Старшина, уже догадываясь, о чем говорит ему сержант, медленно перекрестился.
Через полчаса, растертый спиртом и накрытый овчинным полушубком, сержант Виталий Анисимов дремал на сколоченном топчане.
– Это что за партизанщина такая во вверенном мне подразделении? – услышал он голос ротного Ростовой и мгновенно открыл глаза. – Почему об этом я узнаю последняя? – продолжала говорить Ростова, подходя к лежавшему на топчане Анисимову.
Сержант повернул голову и увидел Надежду. Он уже и готов был бы вскочить на ноги, да неожиданно постеснялся своего вида, понимая, что, кроме армейских кальсон, на нем ничего нет.
Старшина Кудряшов поспешил от греха выйти на улицу.

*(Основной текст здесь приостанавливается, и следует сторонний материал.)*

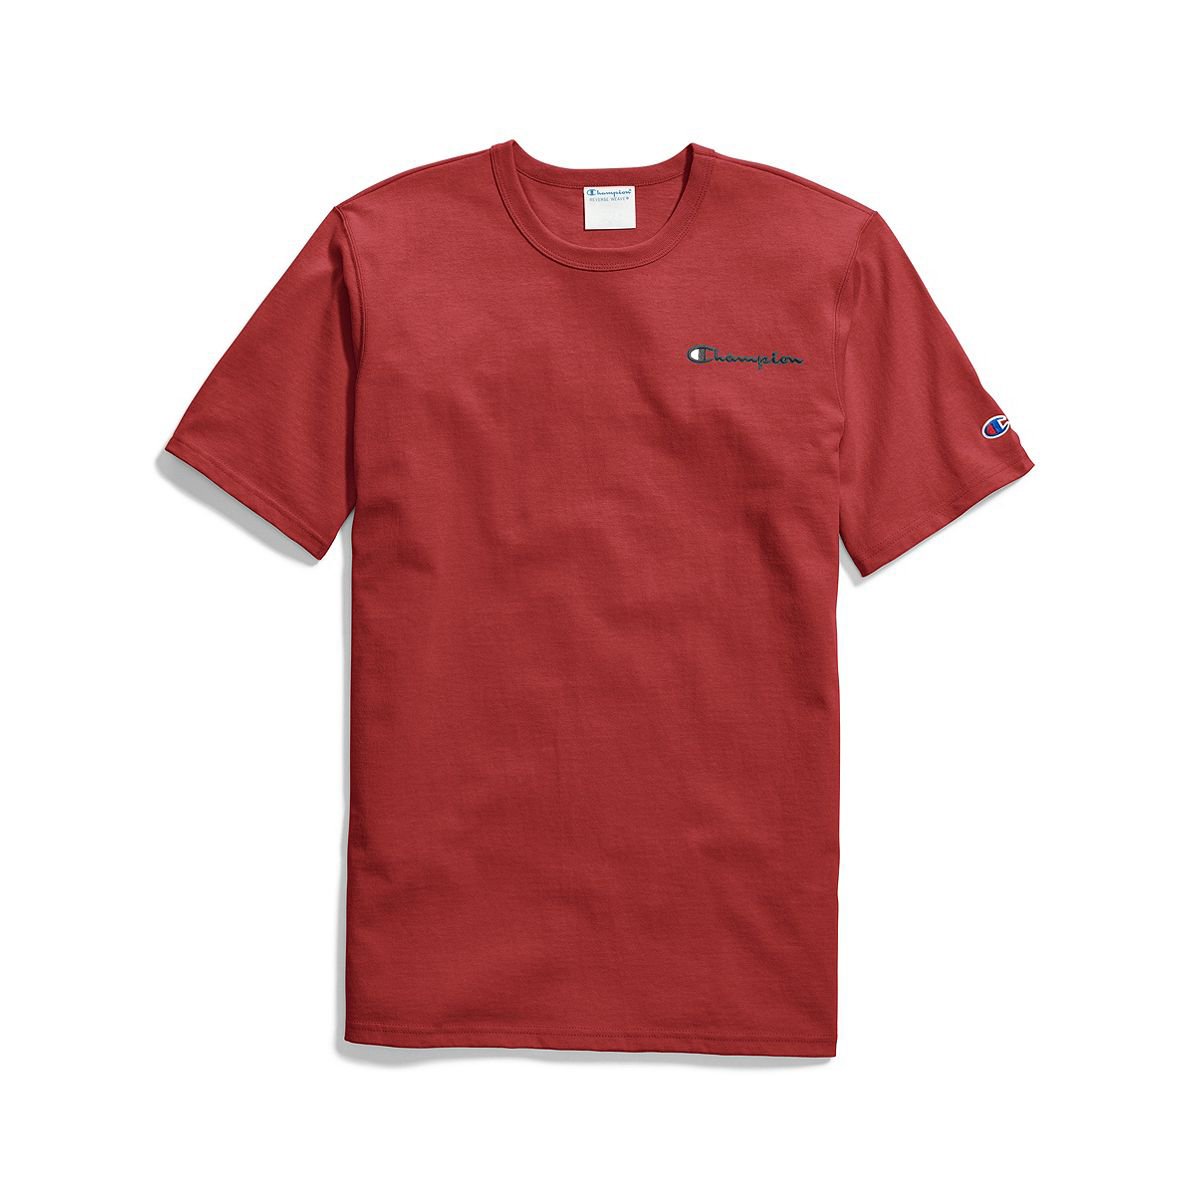 Champion Heritage Tee Elevated Graphics Script Team Red Scarlet Men GT19-Y06819-2WC - T-SHIRTS - Canada

– Да вот… пока не наступаем, – начал он, садясь на топчан и прикрываясь полушубком, – хотел вас, товарищ старшина, свежатиной побаловать. Вы ведь, поди, медвежатины в своей жизни и не пробовали. А я тут аккурат берлогу нашел. Поутру выкуривать мишку пойду…

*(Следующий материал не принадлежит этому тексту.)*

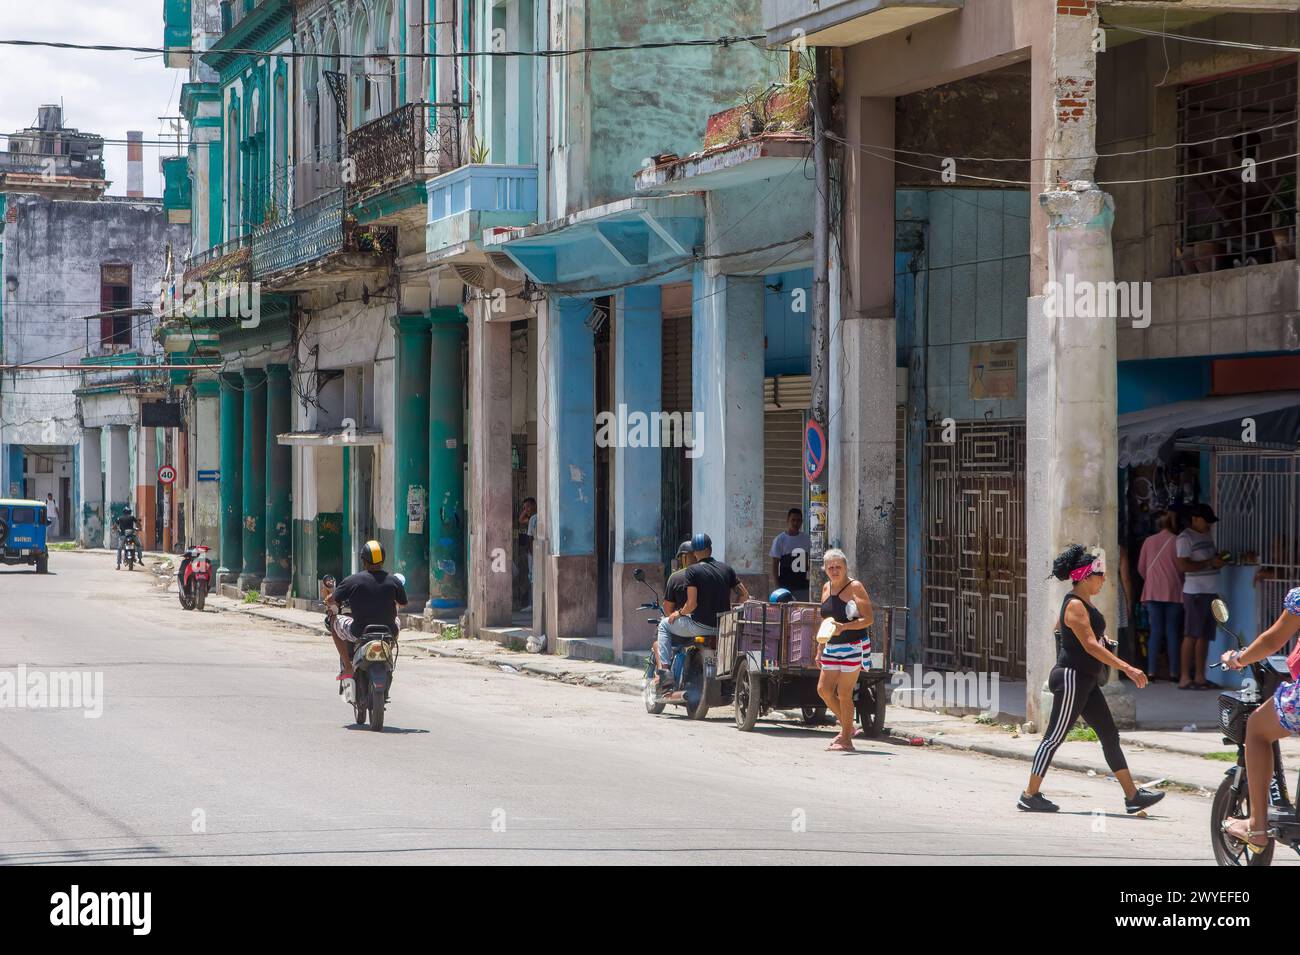 Cuban people daily life by weathered buildings in Havana, Cuba Stock Photo

– Виталий, а ты, что, меня и взаправду полной дурой считаешь?
После этих слов Анисимов, уткнувшись глазами в земляной пол, решил смолчать.
– Завтра обещали снайпера к нам прислать, – продолжала Надежда, присаживаясь на сколоченный кем-то табурет. – До наступления еще дня два… Думаю, что продержимся…
– Ну да. Нам бы еще день простоять и ночь продержаться… – начал Анисимов цитировать известный рассказ Аркадия Гайдара. – А там, глядишь, и Красная армия подойдет… Только ведь этот немецкий Плохиш ждать не станет… Скольких он еще девушек наших положить сможет…
После этих слов Надежда встала и подошла к Виталию, а потом нежно провела ладонью по его вьющимся волосам.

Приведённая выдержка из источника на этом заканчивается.